As a Database system grows in data volume, traffic volume, or complexity, there must be a method to handle the growth.  For example, when we increase a load parameter and keep the system resources (CPU, memory, network bandwidth, etc.) unchanged, what happens to our Database performance, both within the Database and on the hosted hardware? Is performance degraded?  Are there memory issues, or synchronisation problems?  When we increase a load parameter what needs to happen to the Database and underlying physical or virtualised hardware to keep performance unchanged?

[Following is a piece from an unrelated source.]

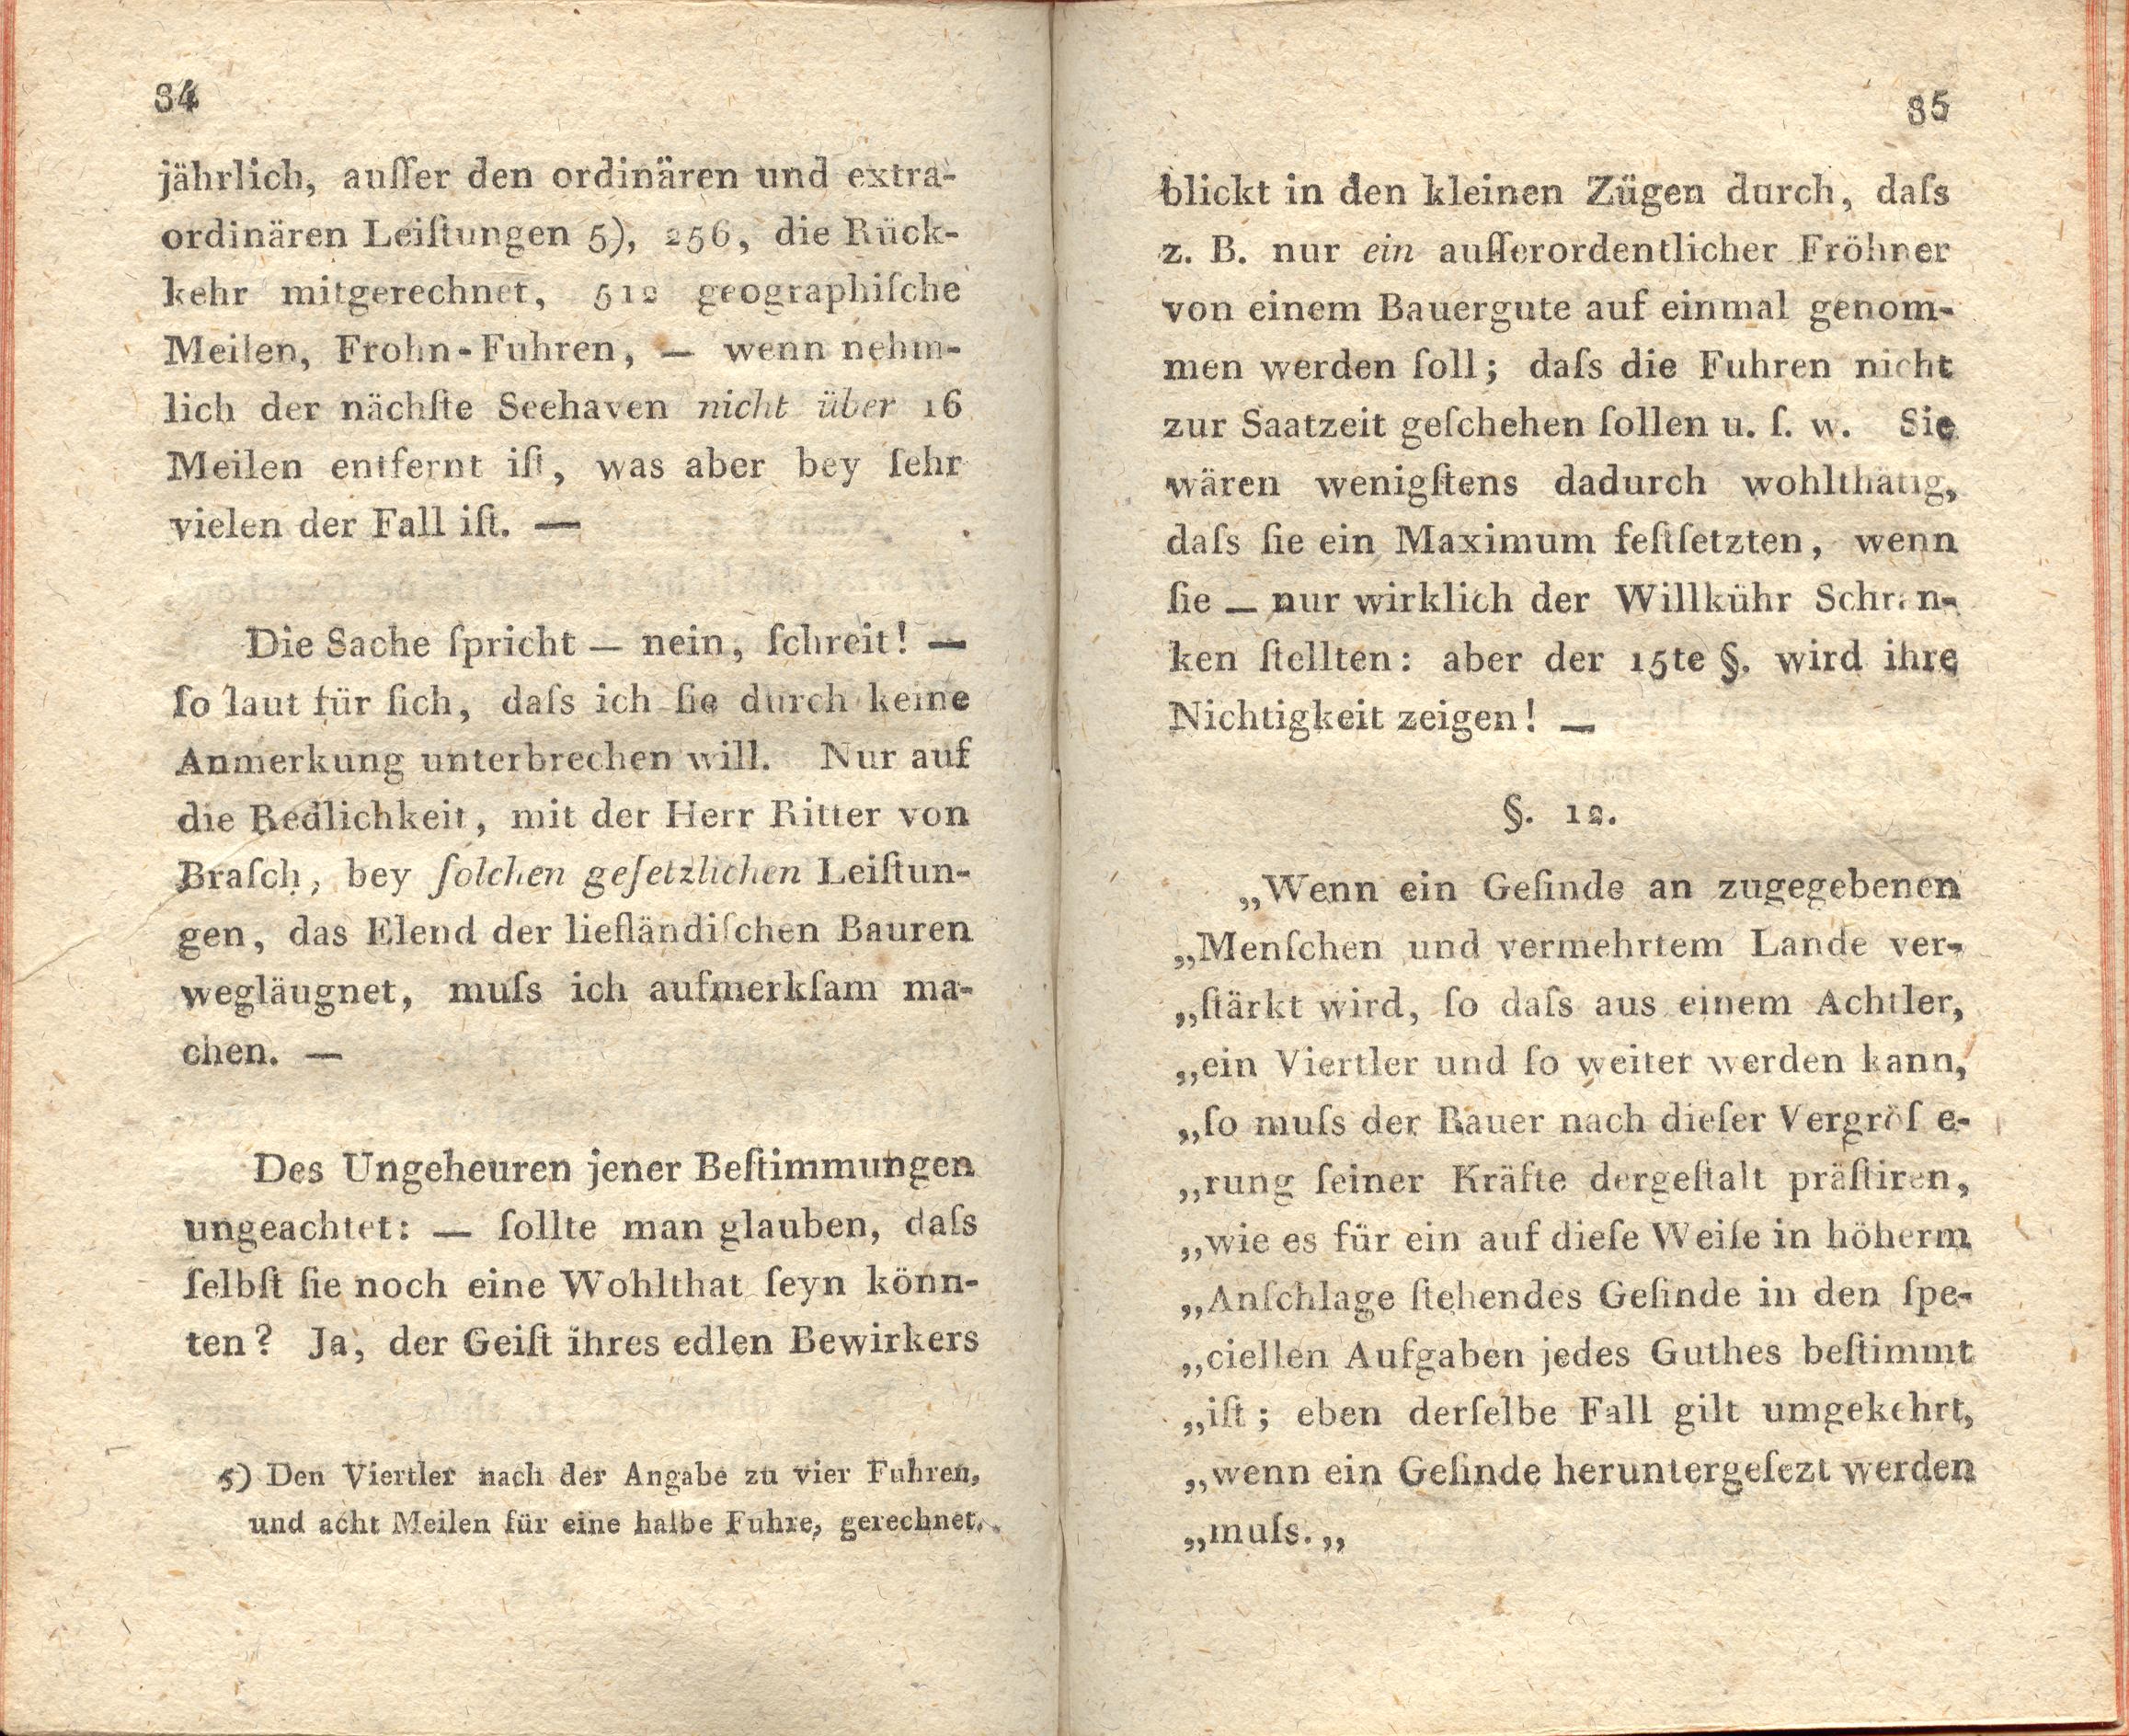 Supplement zu den Letten (1798) | 43. (84-85) Haupttext

Some systems are elastic, meaning that they can automatically add computing resources when they detect a load increase, whereas other systems are scaled manually (a human analyzes the capacity and decides to add more machines to the system). An elastic system can be useful if load is highly unpredictable, but manually scaled systems are simpler and may have fewer operational surprises (see “Rebalancing Partitions”). While distributing stateless services across multiple machines is fairly straightforward, taking stateful data systems from a single node to a distributed setup can introduce a lot of additional complexity. For this reason, common wisdom until recently was to keep your database on a single node (scale up) until scaling cost or high-availability requirements forced you to make it distributed.

Maintainability

Systems are quite useless if not maintained.  There is no magic ‘random chance’ of ever-performing systems ‘mutating’ over time.  The opposite holds true.  Over time, many different people will work on the system including engineering and operations, both maintaining current behaviour and designing the system to new use cases, and they should all be able to work on it productively.  This means that the system has to be documented, modelled, understood and all schemas, relationships and dependencies mapped.

Operability

Make it easy for operations teams to keep the system running smoothly. With documentation, a simple design is best.  Make it easy for new engineers to understand the system, by removing as much complexity as possible from the system.  This makes it easier for engineers to make changes to the system in the future, adapting it for unanticipated use cases as requirements change.  This is also known as extensibility, modifiability, or plasticity.

You must setup detailed and clear monitoring including performance metrics and error rates (sometimes called telemetry).  Nagios, Splunk and other tools should be used.  Monitoring can show us early warning signals and allow us to check whether any assumptions or constraints are being violated. When a problem occurs, metrics can be invaluable in diagnosing the issues.